- Artist: René Magritte
- Year: 1933
- Medium: Oil on canvas
- Dimensions: 100 cm × 81 cm (39 in × 32 in)
- Location: National Gallery of Art, Washington DC;

= The Human Condition (Magritte) =

Painting series by Rene Magritte

The Human Condition (La condition humaine) is the title of four paintings by the Belgian surrealist René Magritte. One was completed in 1933 and is in the collection of the National Gallery of Art in Washington, D.C. Another one was completed in 1935 and is part of the Simon Spierer Collection in Geneva, Switzerland. A drawing with the same name is kept at the Cleveland Museum of Art and another picture is part of the Norfolk Museum Collections.

==Relation to other paintings==
One of Magritte's most common artistic devices was the use of objects to hide what lies behind them. For example, in The Son of Man (1964) an apple hides the face of a man wearing a bowler hat, and in The Pleasure Principle (1937) a bright flash likewise obscures a face. In The Human Condition, the cover-up appears in the form of a painting within a painting.

Magritte had this to say of his 1933 work:
In front of a window seen from inside a room, I placed a painting representing exactly that portion of the landscape covered by the painting. Thus, the tree in the picture hid the tree behind it, outside the room. For the spectator, it was both inside the room within the painting and outside in the real landscape.

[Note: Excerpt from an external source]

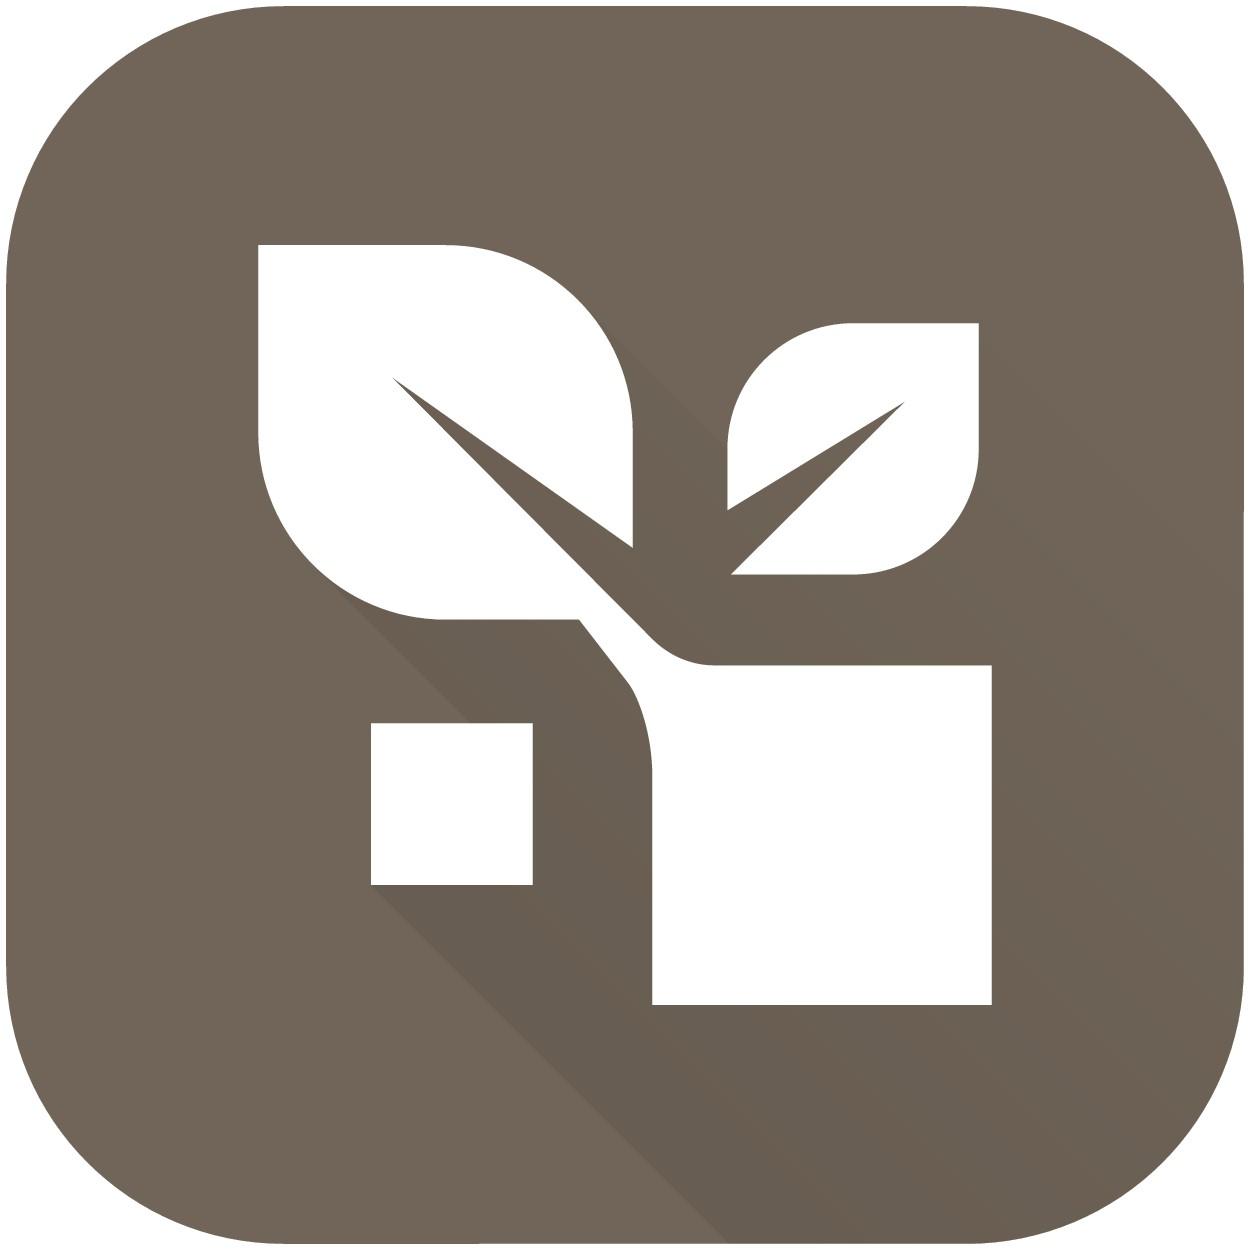 Create a logo for a new app development company CodeNursery.

Magritte continues his explanation in a letter to the Belgian poet Achille Chavée.
Which is how we see the world, namely, outside of us; although having only one representation of it within us. Similarly we sometimes remember a past event as being in the present. Time and space lose meaning and our daily experience becomes paramount. This is how we see the world. We see it outside ourselves, and at the same time we only have a representation of it in ourselves. In the same way, we sometimes situate in the past that which is happening in the present. Time and space thus loose the vulgar meaning that only daily experience takes into account. Questions such as 'What does this picture mean, what does it represent?' are possible only if one is incapable of seeing a picture in all its truth, only if one automatically understands that a very precise image does not show precisely what it is. It's like believing that the implied meaning is worth more than the overt meaning. There is no implied meaning in my paintings, despite the confusion that attributes symbolic meaning to my painting. How can anyone enjoy interpreting symbols? They are 'substitutes' that are only useful to a mind that is incapable of knowing the things themselves. A devotee of interpretation cannot see a bird; he only sees it as a symbol. Although this manner of knowing the 'world' may be useful in treating mental illness, it would be silly to confuse it with a mind that can be applied to any kind of thinking at all.

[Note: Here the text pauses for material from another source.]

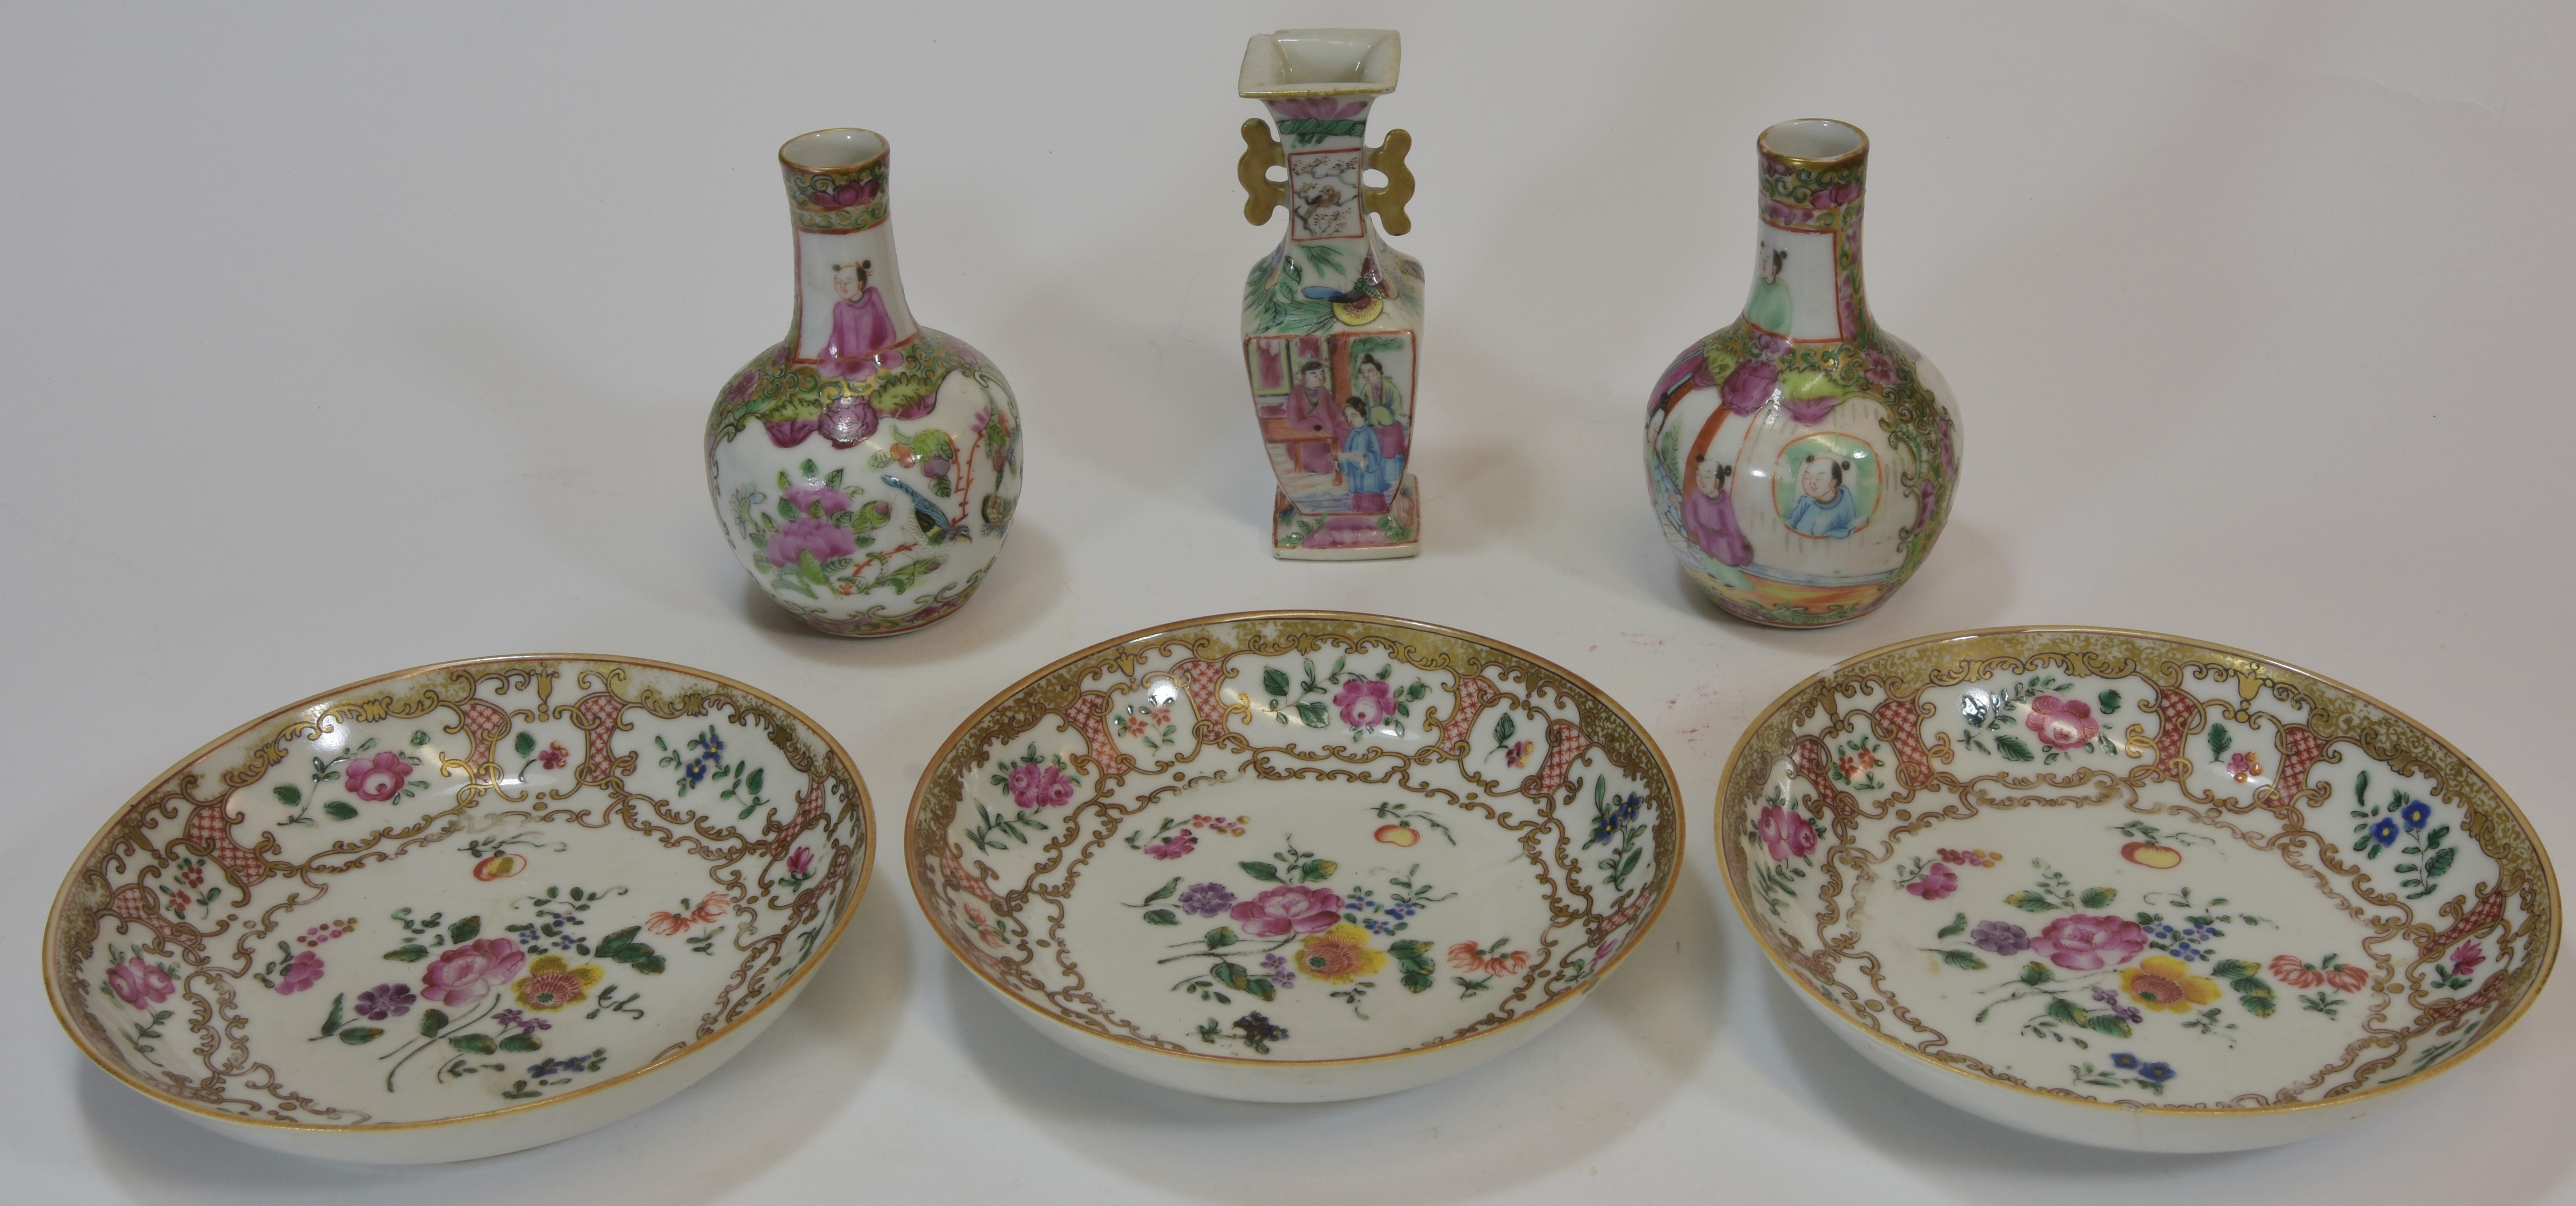 Lot 48 - A group of three 18th century dishes plus three cantonese vases 14cm 十八世紀或遲 瓷器陸件

Paintings within paintings appear frequently in Magritte works. Euclidean Walks (1955) is a work perhaps most like The Human Condition. It places a canvas in front of a high window depicting the tower of a close building and a street below. In The Fair Captive (1947), there is a beach scene with an easel set up. As in the previous cases it holds a canvas depicting what the viewer might expect to be behind it. This time though, flames from a burning tuba in front of the frame are seen "reflected." The Call of the Peaks (1942) shows a mountain canvas in front of a mountain background which is buffeted on the right by a curtain.

The list of similar works can easily be extended to include such paintings as The Key to the Fields (1936), its 1964 reincarnation Evening Falls and the 1942 work The Domain of Arnheim, all of which feature broken windows whose shattered glass pieces on the floor still show the outside world they used to conceal.

Another series of pieces which show both strong similarities to and strong differences from The Human Condition are the works titled The Alarm Clock. In these works, a painting is placed on an easel in front of a window or on a balcony with a simple landscape in the background. However, the painting does not show what may possibly be behind, but is instead an upside-down basic fruit still life.

===Analysis===
At first, one automatically assumes that the painting on the easel depicts the portion of the landscape outside the window that it hides from view. After a moment's consideration, however, one realizes that this assumption is based upon a false premise: that is, that the imagery of Magritte's painting is real, while the painting on the easel is a representation of that reality. In fact, there is no difference between them. Both are part of the same painting, the same artistic fabrication. It is perhaps to this repeating cycle, in which the viewer, even against his will, sees the one as real and the other as representation, that Magritte's title makes reference.